O que é ainda mais intrigante é que, lado a lado com Wang, se encontrava Ding Xuexiang, ninguém menos que o chefe de gabinete do presidente Xi, bem como três outros membros do Politburo.
Nesta variação de “agora você os vê, agora não”, o fato de que todos eles apareceram em uníssono, após uma ausência de quase duas semanas, levou observadores chineses a concluir que Beidaihe de fato havia ocorrido, ainda que nenhum sinal visível de ação política à beira-mar tenha sido detectado. A narrativa semioficial é que nenhuma reunião aconteceu em Beidaihe por causa da covid-19.

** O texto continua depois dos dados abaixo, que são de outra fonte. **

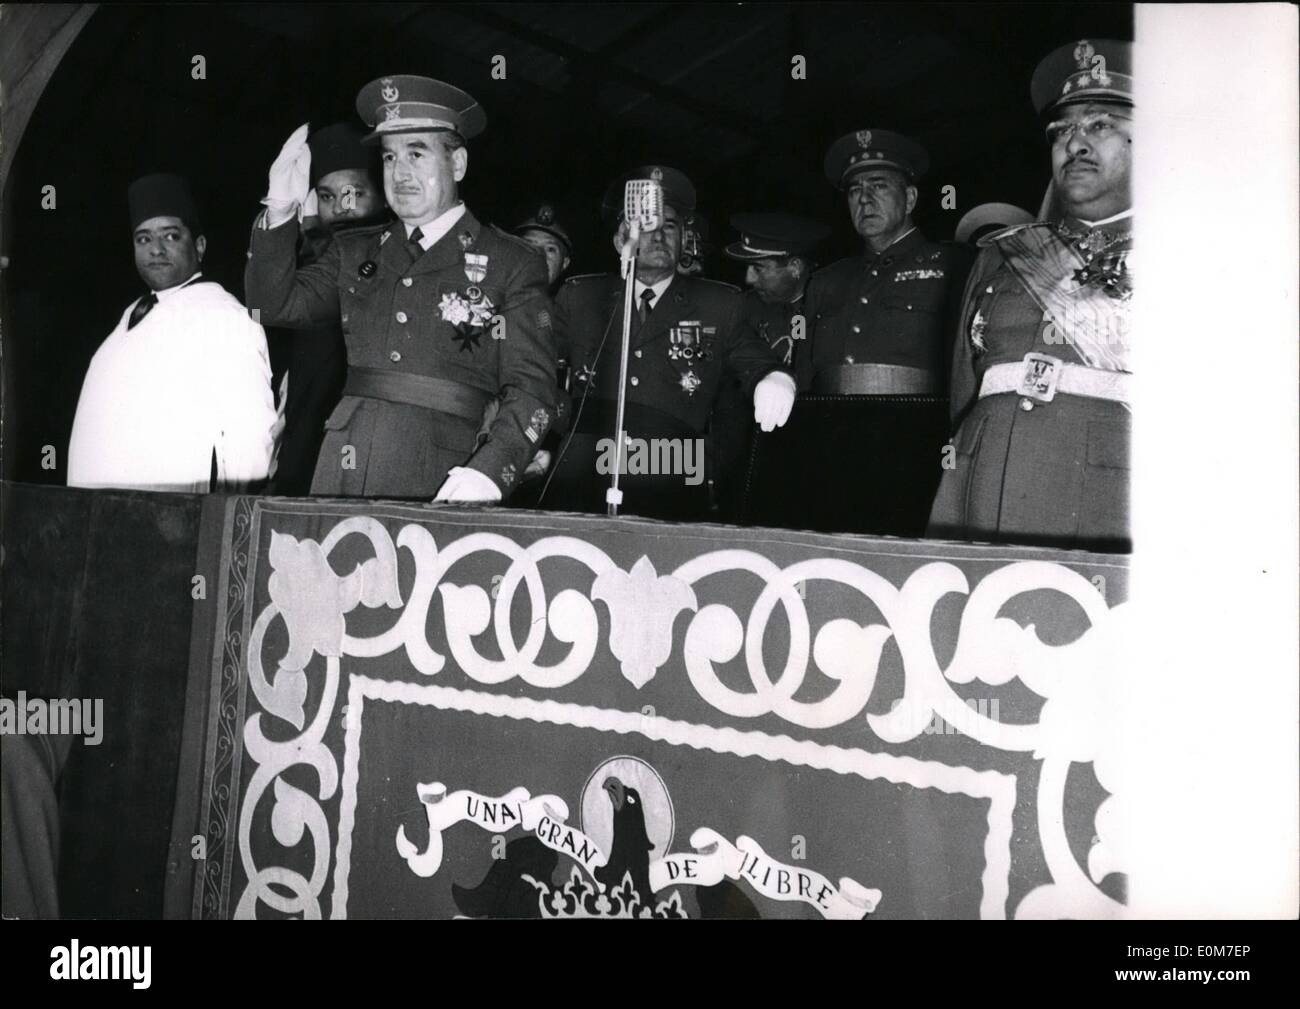 Gen 01, 1954 - Tetuan Anti dimostrazione francese; spagnolo alto commissario generale Garcia Valino (in primo piano) nel supporto ufficiale onde per il tifo marocchini durante l'anti francese manifestazione svoltasi a Tetuan, spagnolo in Marocco, di recente. Foto Stock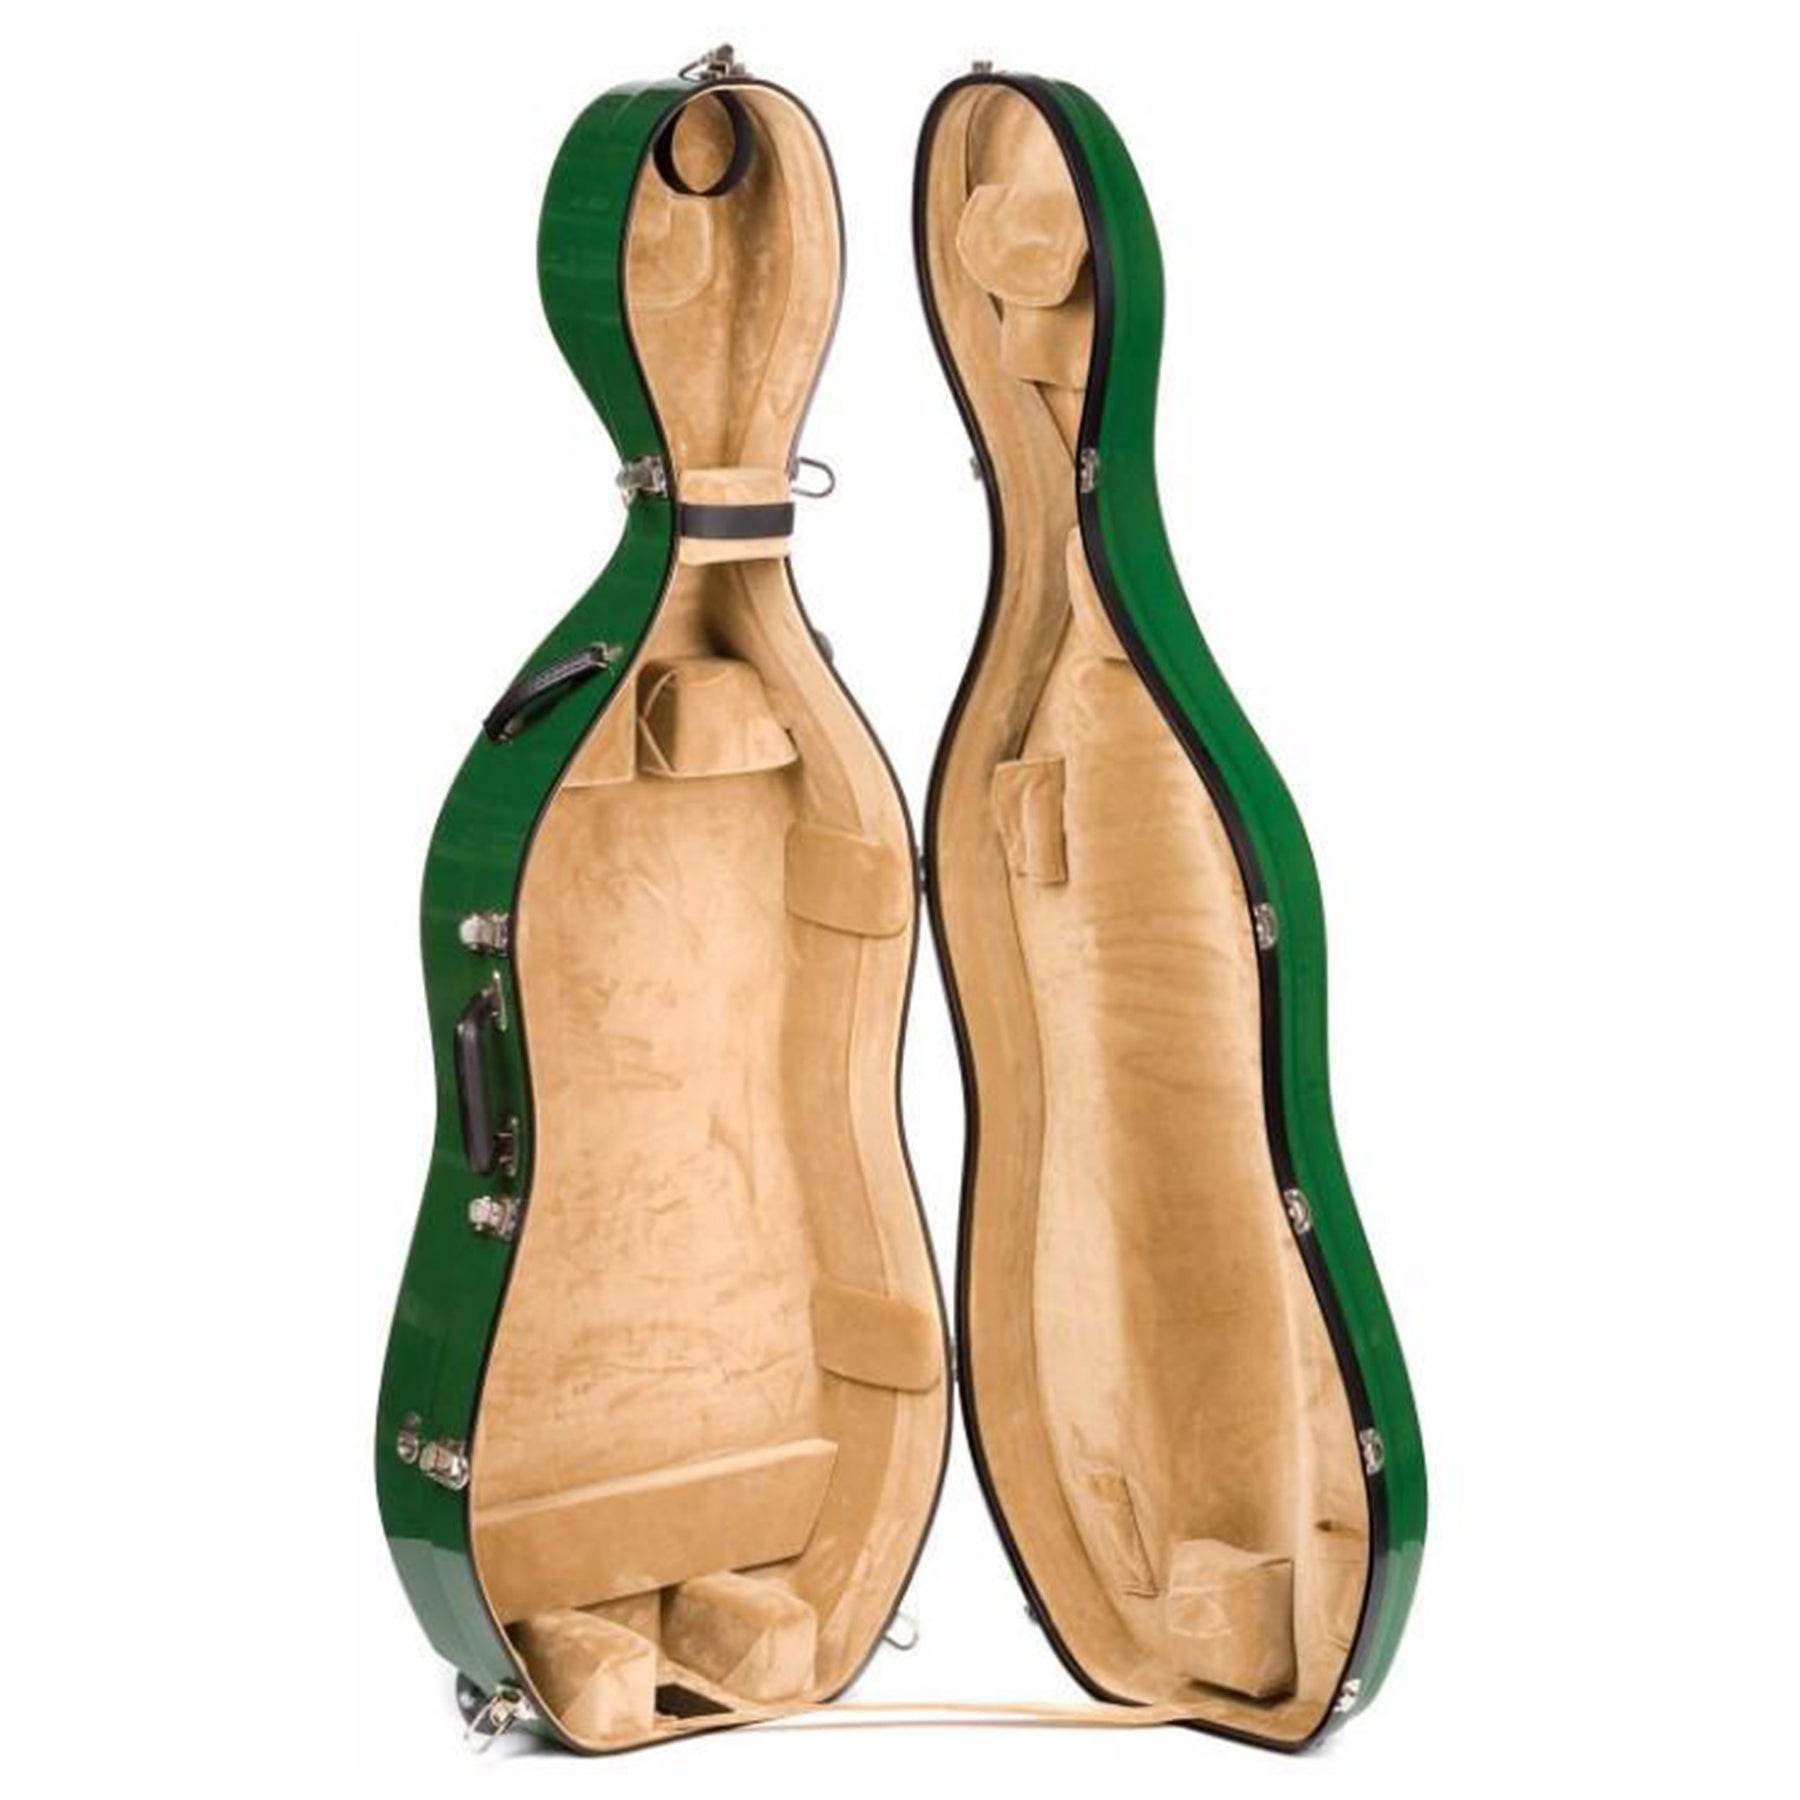 Bobelock 2000 Fiberglass Suspension Cello Case with Wheels

No entanto, é a evidência número 2 que pode fechar a questão para sempre. A já famosa reunião do Politburo no final de julho, presidida por Xi, de fato selou a sessão plenária do Comitê Central em outubro. Tradução: os contornos do roteiro estratégico que está por vir, já haviam sido aprovados por consenso. Não houve necessidade de recuar a Beidaihe para mais discussões.
Balões de ensaio ou política oficial?
A trama se complica quando se leva em consideração uma série de balões de ensaio que começaram a flutuar, há poucos dias, na selecionada mídia chinesa. Aqui estão alguns dos pontos principais:
- No front da guerra comercial, Pequim não fechará as empresas americanas que já operam na China. Mas as empresas que desejam entrar nos mercados de finanças, tecnologia da informação, saúde e educação não serão aprovadas.
- Pequim não vai se desfazer de toda a sua massa esmagadora de títulos do Tesouro dos EUA de uma só vez, mas – como já acontece – o desinvestimento vai acelerar. No ano passado, a soma foi de US$ 100 bilhões. Até o final de 2020, pode chegar a US$ 300 bilhões.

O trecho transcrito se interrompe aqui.